### Data extract
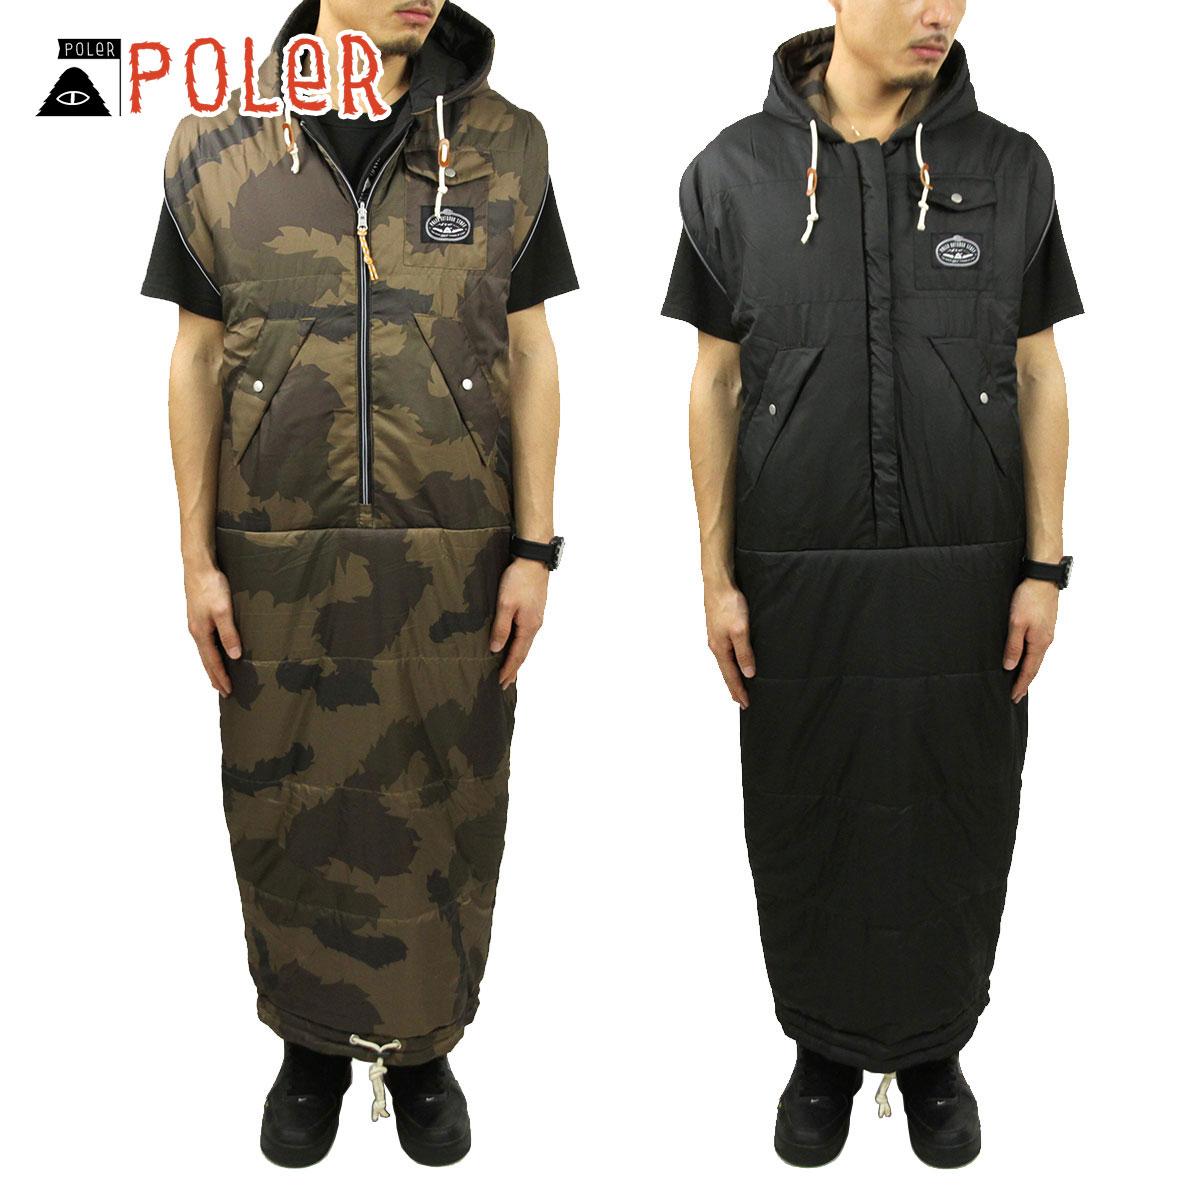 ポーラー POLER 正規販売店 リバーシブル マミー型寝袋 REVERSIBLE NAPSACK 43550002-OCO OLIVE FURRY CAMO
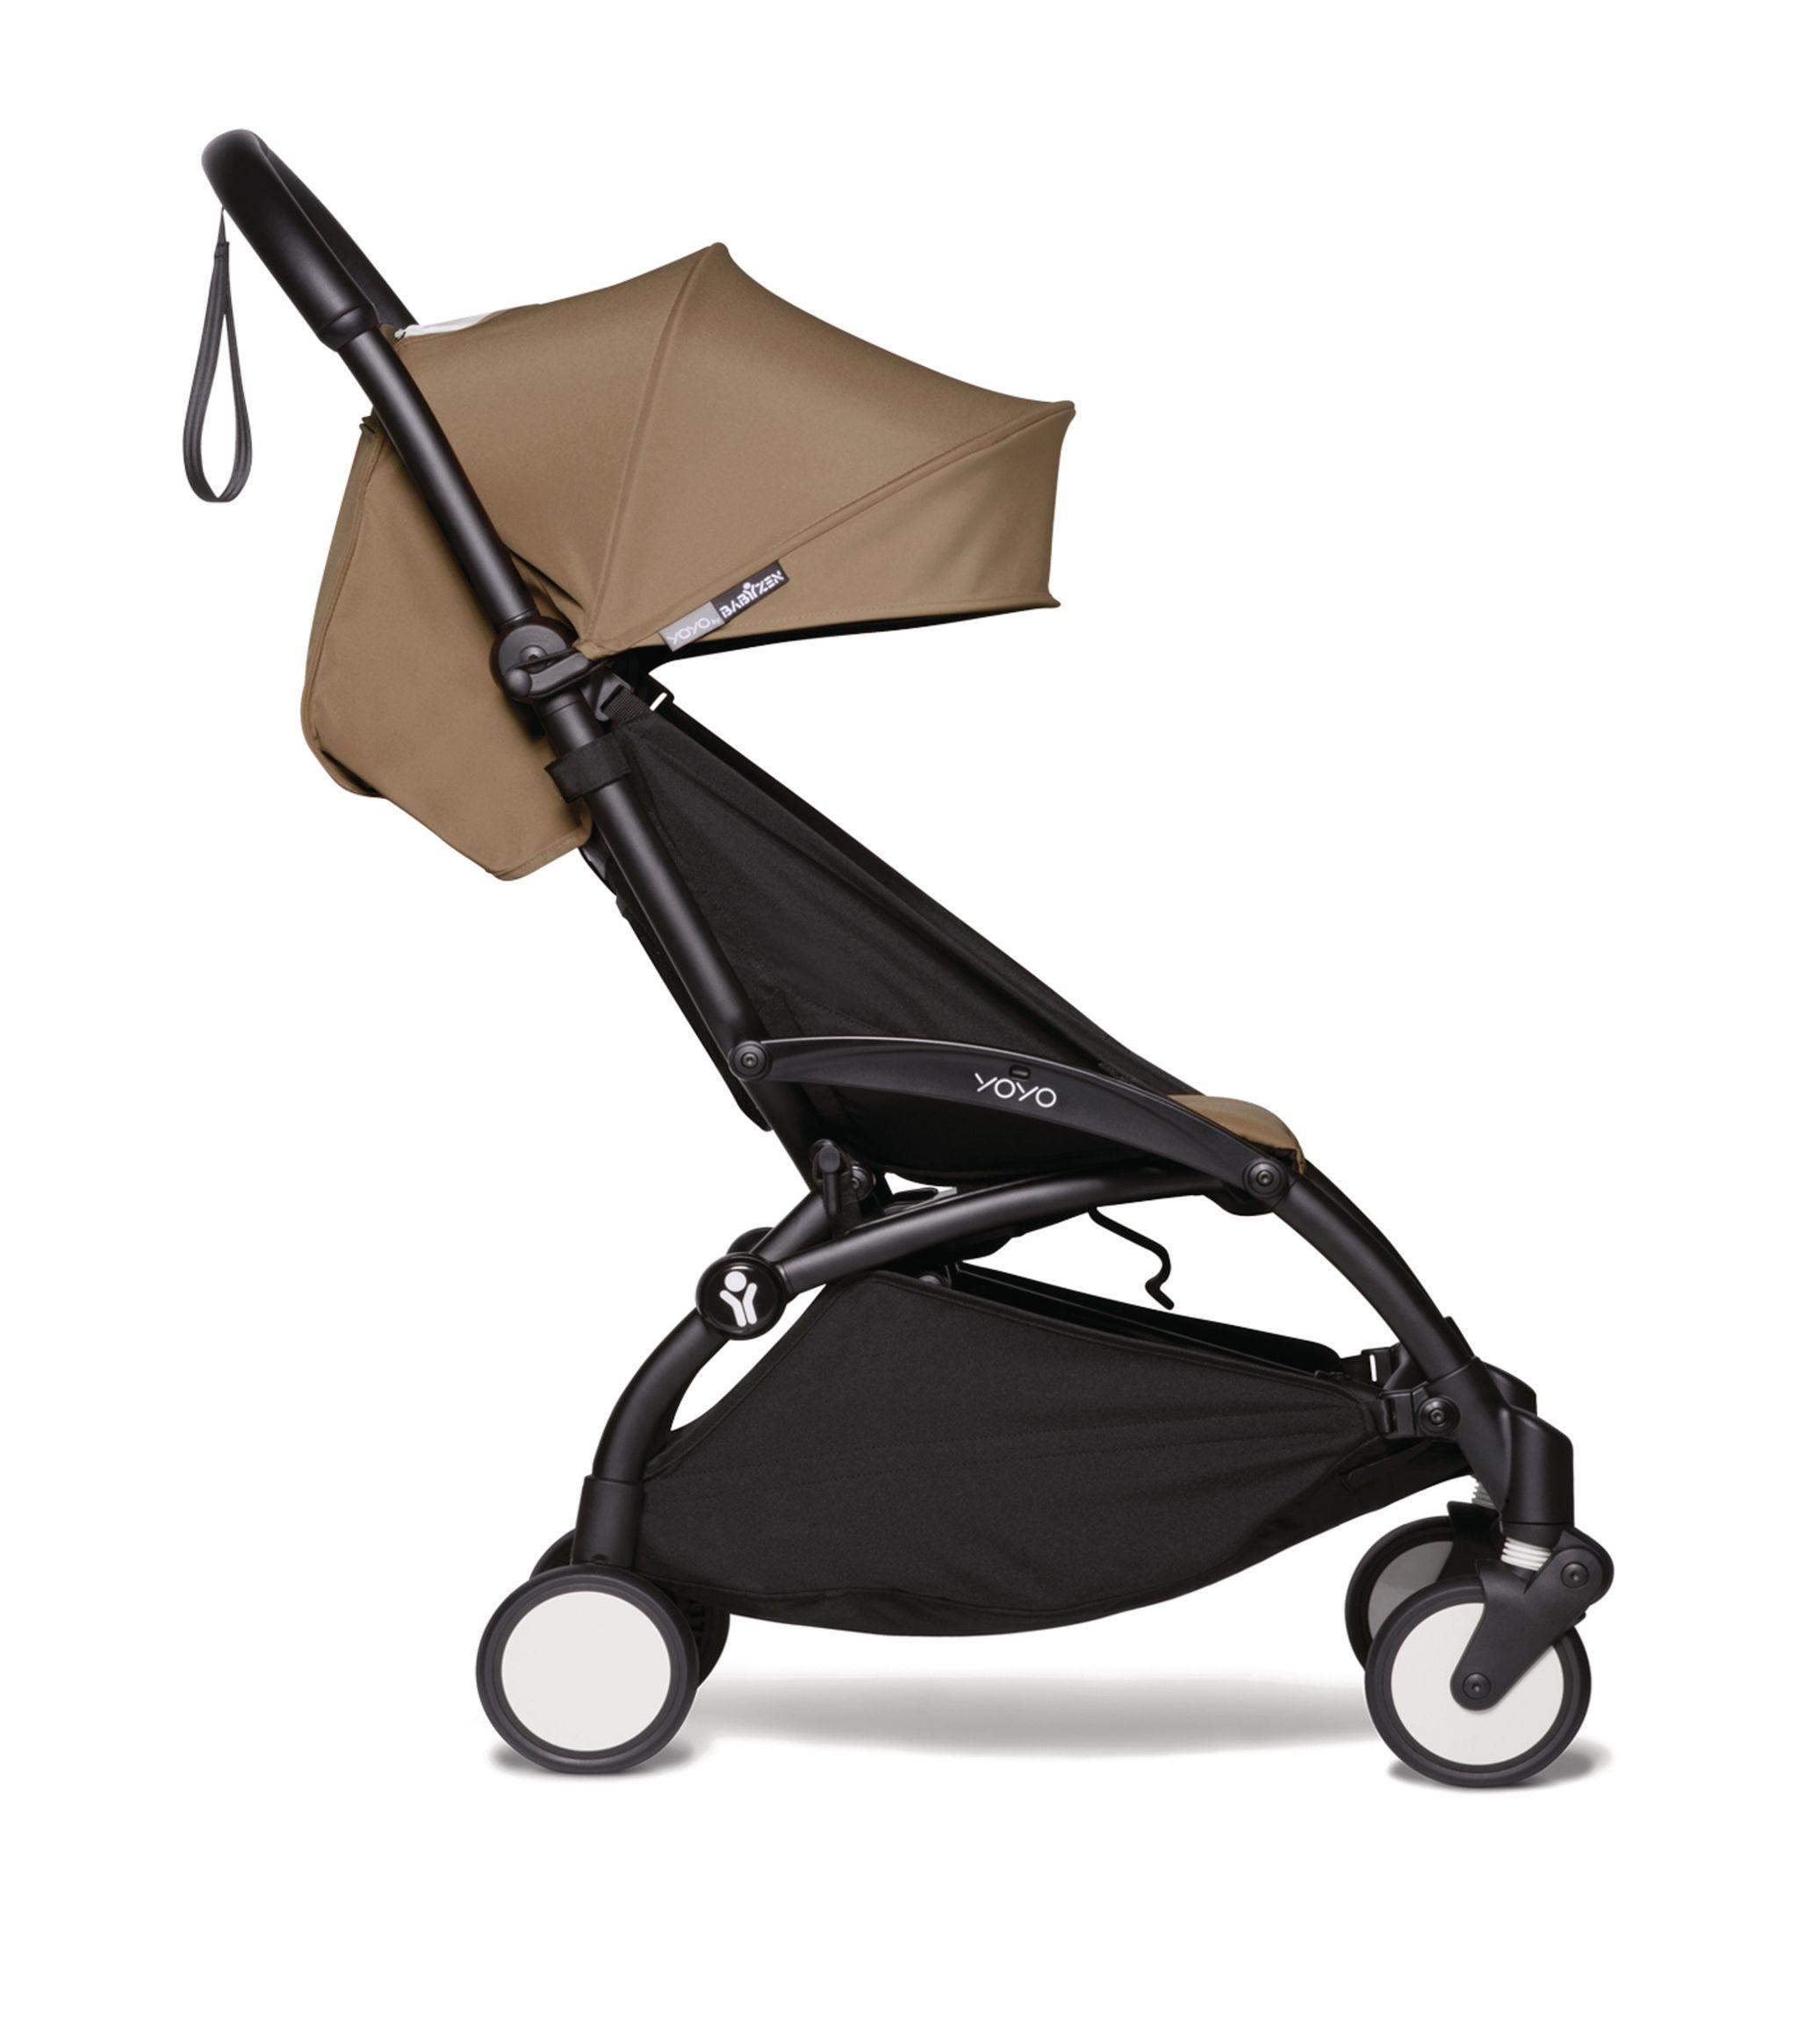 Babyzen YOYO2 6 Stroller AD , AD, Babyzen, YOYO,
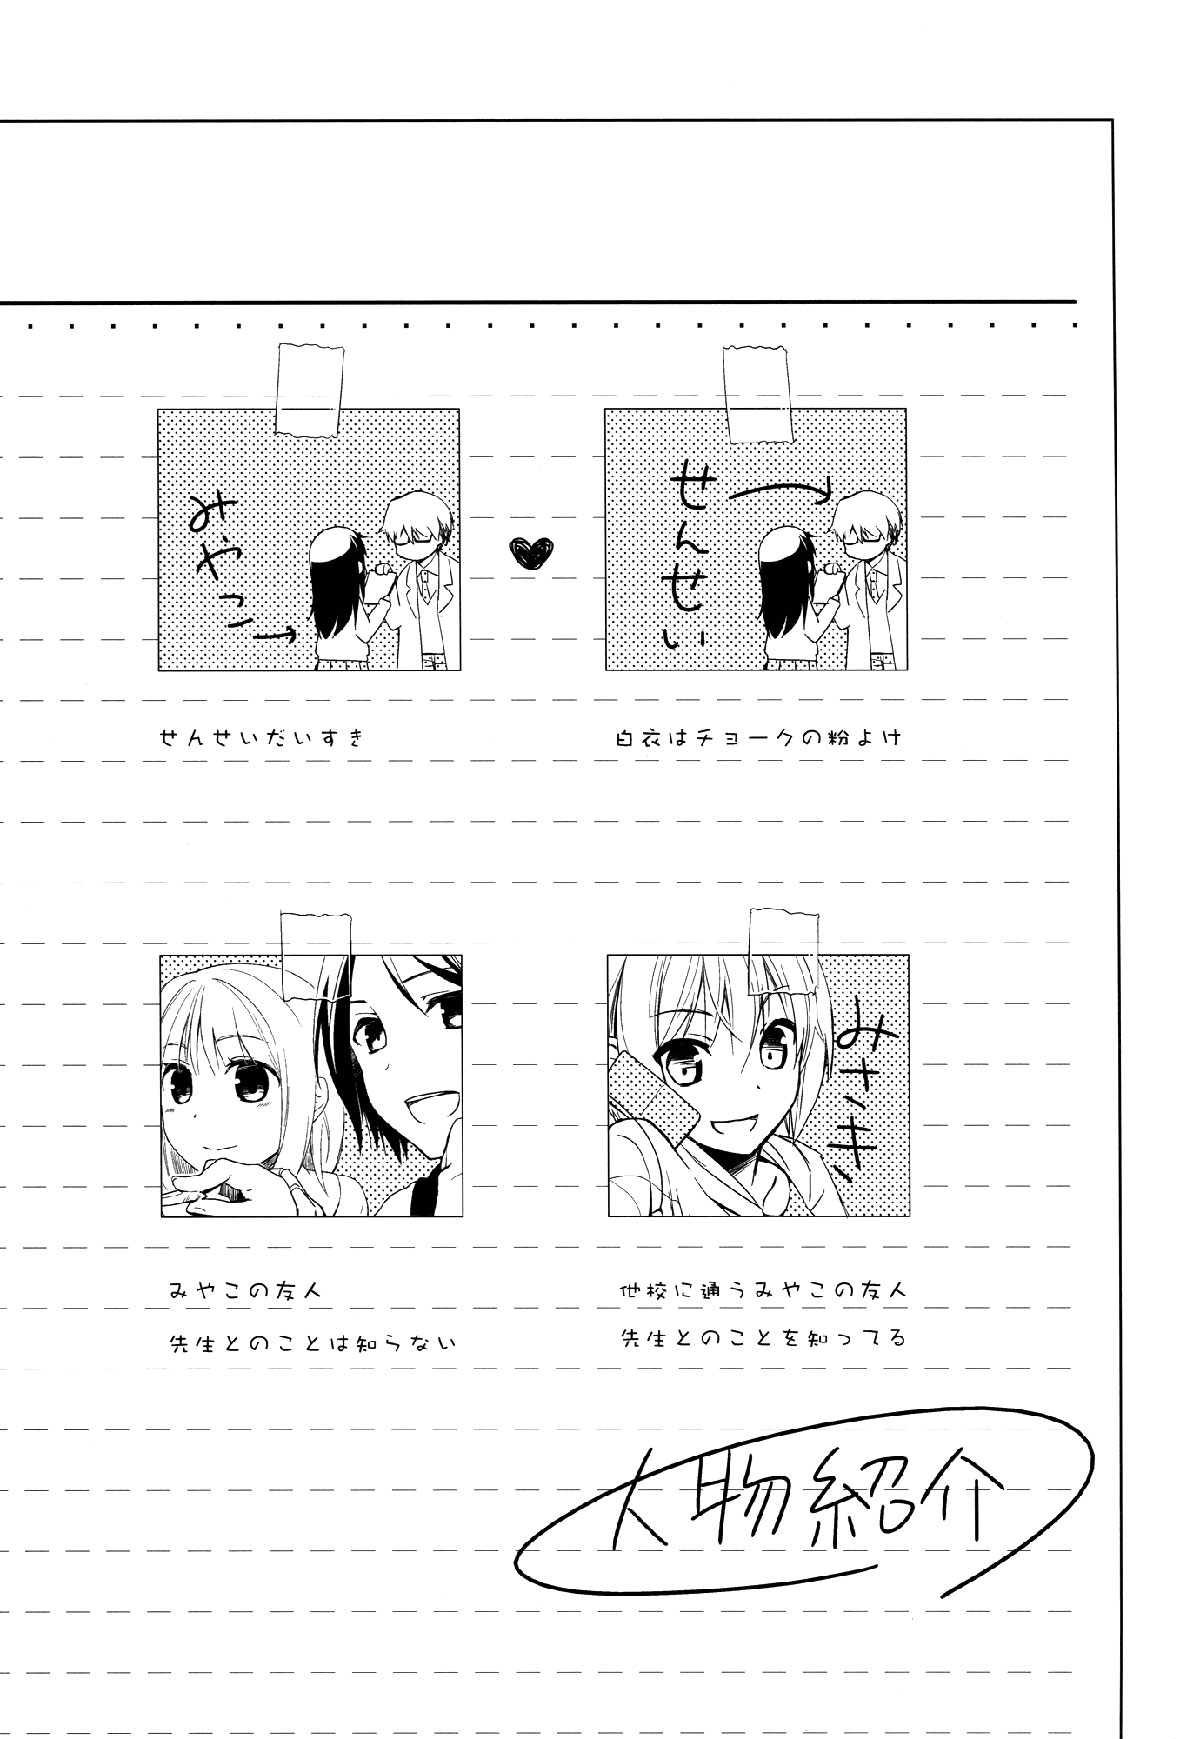 周りに内緒で先生と付き合っている黒髪ロングのJKwww宿直室でいちゃらぶセックスwww【エロ漫画・エロ同人】 (2)

### Your instructions
Please make an exact copy of the whole listing and leave out its pictures.

### Answer for this exercise
 ポーラー POLER 正規販売店 リバーシブル マミー型寝袋 REVERSIBLE NAPSACK 43550002-OCO OLIVE FURRY CAMO
 Babyzen YOYO2 6 Stroller AD , AD, Babyzen, YOYO,
 周りに内緒で先生と付き合っている黒髪ロングのJKwww宿直室でいちゃらぶセックスwww【エロ漫画・エロ同人】 (2)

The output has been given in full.